Seriously, lets keep them from voting or sharing benefits because we are unhappy with their sexual decisions? Even when God calls out all these other folks in his book? What gives them the hall pass?

We still eat pork even though in Deuteronomy it says that we shouldn't. In fact, it lists out a bunch of foods that we aren't supposed to eat.

What about the whole, "Don't kill people" commandment? This great country of ours is great at it. Of course we do it so the terrorists won't keep us from the shopping malls...but we are among the best at slaughtering people. Is it ok as long as we say we are doing it for God?

Also, with divorce rates flying over 50% in this country, what are you so worried about? Chances are, it won't last...just like your failed marriage. Hold on though...isn't divorce a sin too? Wait now I am really getting confused...Gay marriage should be banned but divorce should be an industry? Hell people even celebrate divorces. I guess I am having a hard time understanding where your faith makes any sense.

I have set it before..."If you make divorce illegal, everyone would go ahead and give marriage a second thought.

But I can understand needing to get married since a pregnancy was involved....ooooh shit...wait...Sex before marriage? Isn't that...no it couldn't be, all the faithful redneck teen moms were all married before conception. I am sure of it! Or did you find someway to get God to sanctify your Keystone fueled romp in the bed of a pick up? If you can explain that one to me, I'd sure be grateful.

My favorite were the women that stood forth on mighty pedestals denouncing the lifestyle! I mean, maybe they thought if they made enough noise, people would forget about what the Bible says about women...If you know what it says...then you should probably Shut the fuck up...because that's exactly what it says you should do. And for those of you that haven't been discarded by you first husband and baby daddy, I really hope you are behaving and being submissive to your man...transgressors...You should have plenty of time to practice working at home as it says in Titus.

I guess you could throw back at me that I took some of that out of context...Kind of like you did with the homosexuality text. I guess you could always throw back that some of those rules are antiquated and don't have to be followed. But what makes Homosexuality any different? Who gives you fucking tards the right to judge anyone based on a book you don't even follow? By the code of Jehovah you are all going to hell. So if you don't like gay people now, you should try to get used to hearing a feminine male scream, because you will be spending eternity right next to him. I think the biggest sin here is how fucking stupid you all are.

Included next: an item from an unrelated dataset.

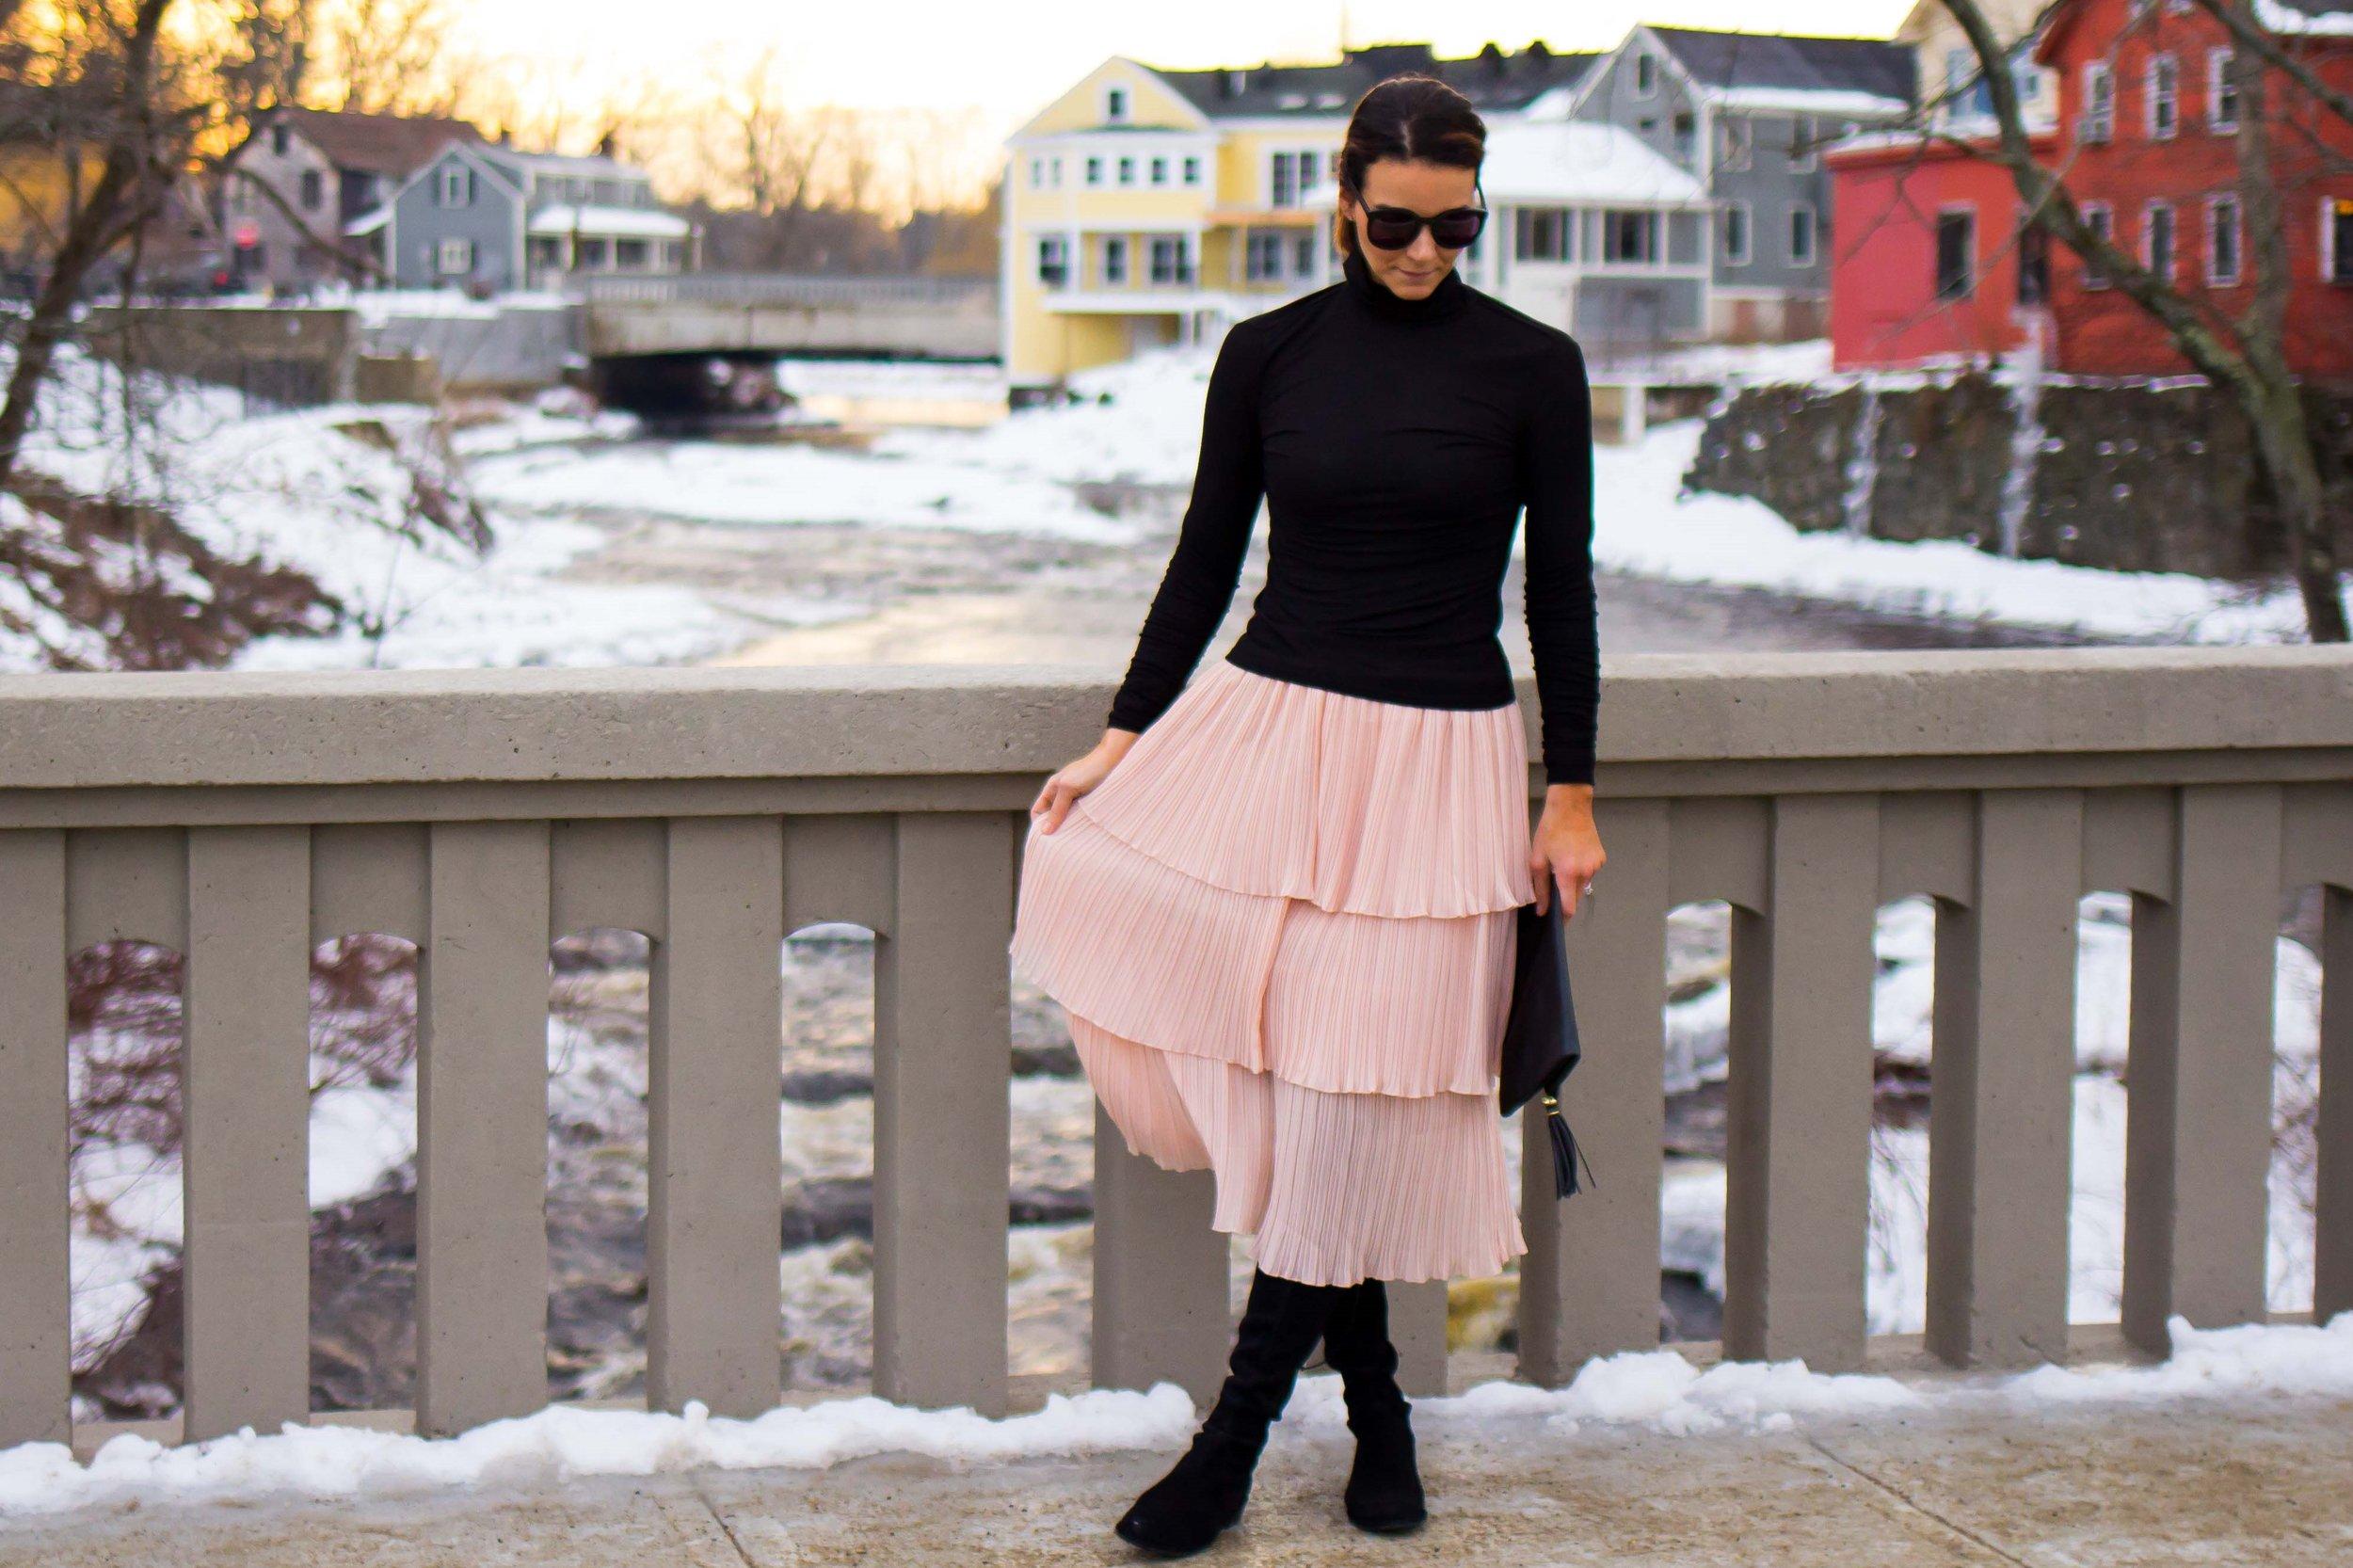 Midi Skirt Outfits - Tiered Skirt Outfits -Ruffle Midi Skirt Outfits - Nude Skirt Outfits - Blush Skirt Outfits - Weekend Outfits - Casual Outfits for Women - OTK Boot Outfits - Over the Knee Boot Outfits - Work Outfits for Women - Fashion for Women -  heartandseam.com  #heartandseam

You know back in the day they had Biblical justifications for slavery. Some racist groups still believe in them.
You used to be able to beat your wife.

But as a group, we slowly but surely grew out of that nonsense. This is nothing different. It just can't make sense to the feeble minded American that doesn't have enough going for them to look up to anyone any better than a bearded redneck asshole.

Also, before you come at me, or judge me, as you have probably done the whole time you read this, you have no idea what my relationship is with God. I can assure you have one and I am a grateful person for things that have been given to me, especially the gift of commonsense and the intelligence to know that rules from 2000 years ago, may not apply to todays world as literally as you think they should.

(For any of you atheist, I know this probably got your motor running, but keep it to yourself. You can be more annoying than a pissed off chihuahua and this isn't the time to hear your nonsense either.)

One rule I will say that should stand today is that you should be good to other people...maybe that will free up some of your time to clean up your own act.